Go through the entries below and say how many lines hold the word "Bild". Nothing else is needed.

Dataset records:
☆ ☆ ☆ ☆ ☆
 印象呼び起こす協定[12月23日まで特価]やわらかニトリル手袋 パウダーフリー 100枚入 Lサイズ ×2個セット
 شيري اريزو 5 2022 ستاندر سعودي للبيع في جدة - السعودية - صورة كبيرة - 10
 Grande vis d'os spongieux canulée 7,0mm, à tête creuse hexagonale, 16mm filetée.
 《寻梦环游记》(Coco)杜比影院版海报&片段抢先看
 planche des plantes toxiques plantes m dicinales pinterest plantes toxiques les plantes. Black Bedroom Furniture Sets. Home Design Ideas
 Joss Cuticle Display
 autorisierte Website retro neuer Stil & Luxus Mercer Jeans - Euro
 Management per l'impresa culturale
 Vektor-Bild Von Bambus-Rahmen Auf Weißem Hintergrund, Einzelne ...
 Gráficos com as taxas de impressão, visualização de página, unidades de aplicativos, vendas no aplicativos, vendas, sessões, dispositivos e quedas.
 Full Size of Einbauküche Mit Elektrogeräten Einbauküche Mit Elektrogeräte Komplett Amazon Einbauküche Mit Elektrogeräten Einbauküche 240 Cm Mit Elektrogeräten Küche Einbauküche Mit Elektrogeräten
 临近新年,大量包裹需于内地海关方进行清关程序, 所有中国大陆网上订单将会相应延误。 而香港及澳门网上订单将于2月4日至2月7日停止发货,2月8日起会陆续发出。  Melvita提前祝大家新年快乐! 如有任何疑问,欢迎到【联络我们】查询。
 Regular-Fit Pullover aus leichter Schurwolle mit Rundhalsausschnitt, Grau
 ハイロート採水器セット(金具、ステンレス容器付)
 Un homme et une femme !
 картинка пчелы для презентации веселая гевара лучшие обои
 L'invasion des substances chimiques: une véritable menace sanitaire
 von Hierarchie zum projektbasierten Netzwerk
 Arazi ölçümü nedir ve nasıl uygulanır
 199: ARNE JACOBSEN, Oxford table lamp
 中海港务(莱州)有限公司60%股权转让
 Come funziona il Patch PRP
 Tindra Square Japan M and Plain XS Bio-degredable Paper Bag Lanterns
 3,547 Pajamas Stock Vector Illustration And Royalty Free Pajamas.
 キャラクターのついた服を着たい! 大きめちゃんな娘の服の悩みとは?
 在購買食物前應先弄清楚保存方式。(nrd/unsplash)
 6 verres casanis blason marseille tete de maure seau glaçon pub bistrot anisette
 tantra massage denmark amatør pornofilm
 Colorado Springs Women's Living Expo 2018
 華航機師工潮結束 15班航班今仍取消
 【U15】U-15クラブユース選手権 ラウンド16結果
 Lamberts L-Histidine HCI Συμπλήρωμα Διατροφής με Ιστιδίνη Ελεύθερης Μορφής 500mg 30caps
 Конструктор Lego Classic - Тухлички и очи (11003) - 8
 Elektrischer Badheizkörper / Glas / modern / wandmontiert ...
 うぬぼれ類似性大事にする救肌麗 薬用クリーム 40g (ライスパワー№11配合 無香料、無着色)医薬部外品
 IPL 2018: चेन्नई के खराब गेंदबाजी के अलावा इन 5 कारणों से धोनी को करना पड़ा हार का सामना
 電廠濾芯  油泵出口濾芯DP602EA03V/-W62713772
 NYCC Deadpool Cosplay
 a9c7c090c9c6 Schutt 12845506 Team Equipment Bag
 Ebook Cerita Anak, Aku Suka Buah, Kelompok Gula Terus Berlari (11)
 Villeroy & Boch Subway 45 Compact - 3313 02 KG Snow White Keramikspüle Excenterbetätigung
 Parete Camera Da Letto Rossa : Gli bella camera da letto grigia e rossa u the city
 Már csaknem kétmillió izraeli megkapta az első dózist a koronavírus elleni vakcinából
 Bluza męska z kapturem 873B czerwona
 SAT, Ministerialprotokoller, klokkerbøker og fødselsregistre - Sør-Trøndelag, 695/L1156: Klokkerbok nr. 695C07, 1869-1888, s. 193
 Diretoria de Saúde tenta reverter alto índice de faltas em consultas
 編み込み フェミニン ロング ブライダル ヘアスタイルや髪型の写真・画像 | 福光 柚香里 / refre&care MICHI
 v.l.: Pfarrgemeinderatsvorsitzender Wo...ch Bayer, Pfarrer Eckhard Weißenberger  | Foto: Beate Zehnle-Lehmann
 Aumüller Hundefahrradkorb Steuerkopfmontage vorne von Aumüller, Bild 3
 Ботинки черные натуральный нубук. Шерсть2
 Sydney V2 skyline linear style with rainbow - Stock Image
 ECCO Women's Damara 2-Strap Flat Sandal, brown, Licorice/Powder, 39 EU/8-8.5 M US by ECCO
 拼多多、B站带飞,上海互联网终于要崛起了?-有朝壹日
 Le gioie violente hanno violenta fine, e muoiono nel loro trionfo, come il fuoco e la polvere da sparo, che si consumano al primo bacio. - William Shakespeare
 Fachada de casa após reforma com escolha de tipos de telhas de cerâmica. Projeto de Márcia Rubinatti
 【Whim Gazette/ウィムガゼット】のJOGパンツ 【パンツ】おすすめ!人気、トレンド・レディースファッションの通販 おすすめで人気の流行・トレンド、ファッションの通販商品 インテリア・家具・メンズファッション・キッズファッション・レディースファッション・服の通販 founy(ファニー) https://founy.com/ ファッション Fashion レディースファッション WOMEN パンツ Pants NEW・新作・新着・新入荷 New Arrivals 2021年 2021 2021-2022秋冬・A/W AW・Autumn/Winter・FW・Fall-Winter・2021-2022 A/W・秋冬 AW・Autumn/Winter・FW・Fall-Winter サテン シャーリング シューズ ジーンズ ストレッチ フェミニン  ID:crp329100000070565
☆ ☆ ☆ ☆ ☆
[Answer below] 2